Figure 11: A simple cell structure under continuous relaxation.
Figure 12: A cell-based neural network architecture.
Strong empirical results are demonstrated for bilevel-theory methods. For instance, AP-NAS and DARTS variants (LP-DARTS, SOCP-DARTS) consistently achieve higher accuracy and model efficiency on benchmarks such as CIFAR-10 and ImageNet, and do so under significantly reduced computational budgets compared to RL- and evolutionary-based NAS (2606.29582).
Numerical highlights:
- SOCP-DARTS/LP-DARTS: Up to 10 percentage points higher accuracy and greater parameter efficiency versus vanilla DARTS under CPU-based, time-constrained experiments.
- Auxiliary program-based updates: Further performance gains due to guaranteed model optimality and efficient Hessian handling via techniques like GNPP and randomized subsampling.
- Meta and one-shot approaches: Methods such as Once-for-All and Autoformer showcase exceptional transferability across tasks and input modalities.

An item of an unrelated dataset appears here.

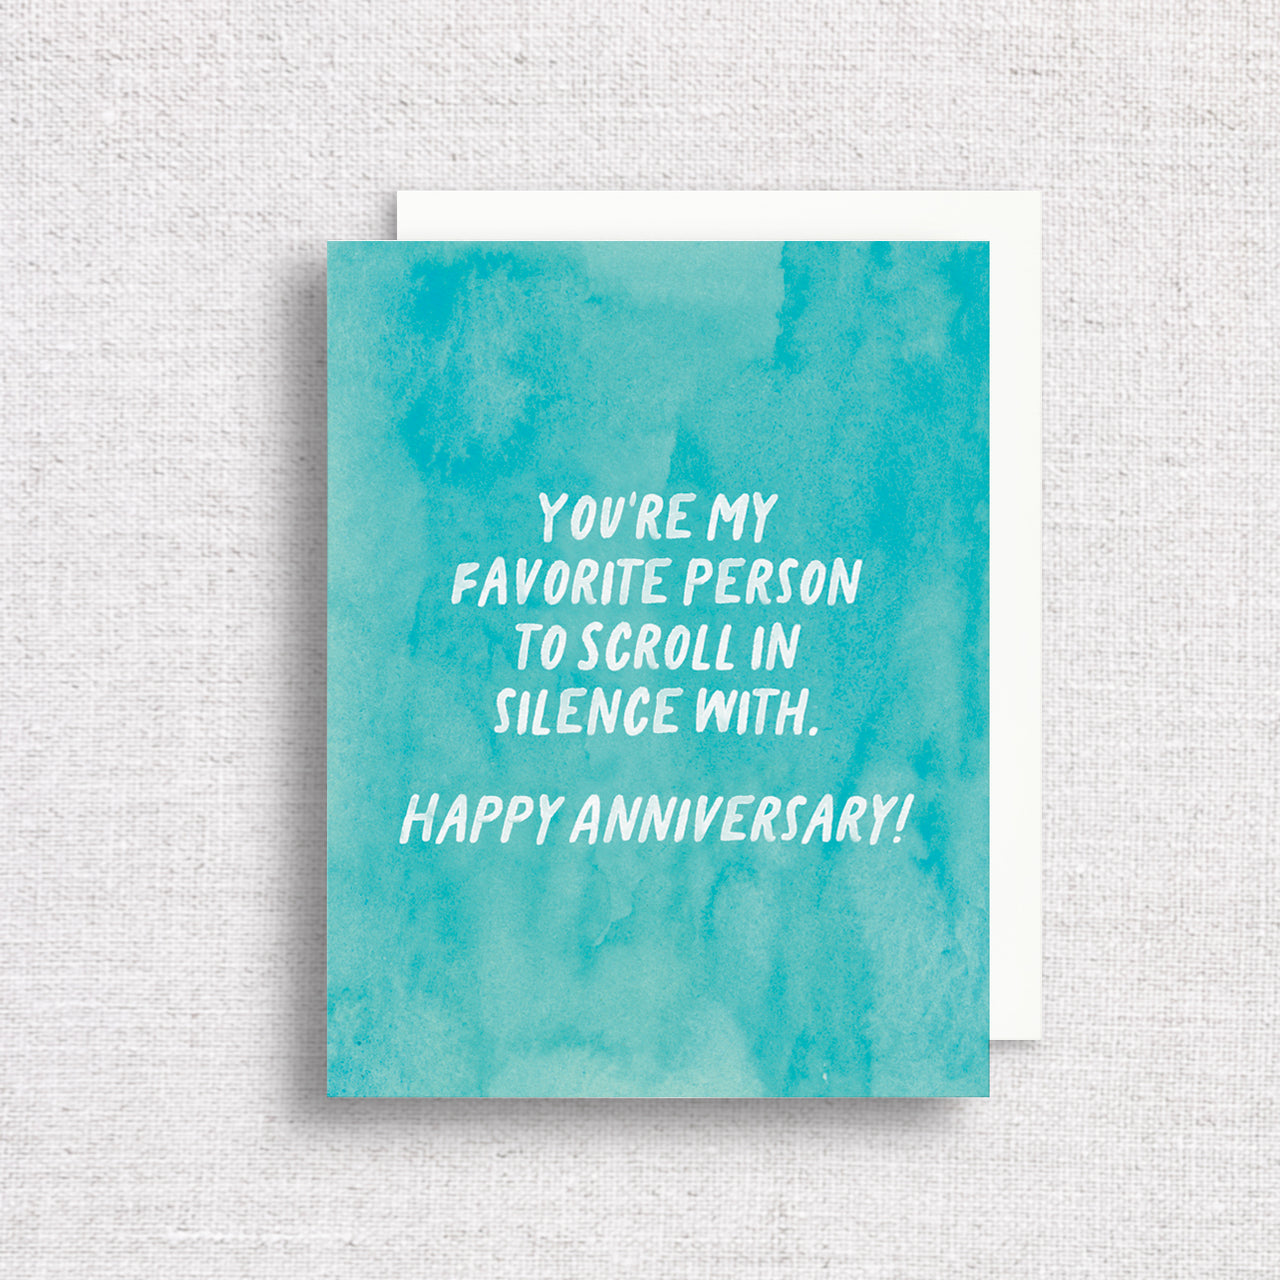 You're My Favorite to Scroll With Greeting Card by Gert & Co

Implications and Future Directions
Theoretical implications include the formalization of NAS as a nested, non-convex, bilevel optimization problem, aligning network structure search with hyperparameter optimization, meta-learning, and adversarial robustness under a unified framework. Practically, the auxiliary mathematical programming approach enables scalable, principled, and transferable architecture search, holding direct promise for low-resource (CPU-based) and large-scale (e.g., LLM, transformer, multimodal) settings.
Research opportunities arise in:
- Efficient Hessian approximation for large-scale networks (block-diagonal, low-rank, stochastic estimation).
- Joint optimization schemes unifying multiple hyperparameters (architecture, learning rates, regularization).
- Discrete/structured search spaces with rigorous relaxation and rounding strategies.
- Zero-cost proxies and hybrid methods that combine bilevel differentiation with sampling-based or analytic predictors.
- Extension to multimodal, foundation, and hardware-constrained architectures.
Conclusion
The paper systematically demonstrates that framing NAS as a bilevel optimization problem, and explicitly respecting its hierarchical structure, enables both higher performance and superior computational tractability compared to sampling-driven methods. Auxiliary mathematical programming, differentiable relaxations, and hypergradient-based updates form the backbone of state-of-the-art approaches. Future advances in scalable bilevel solvers and hybrid optimization strategies are positioned to accelerate progress in automated deep learning and efficient foundation model deployment.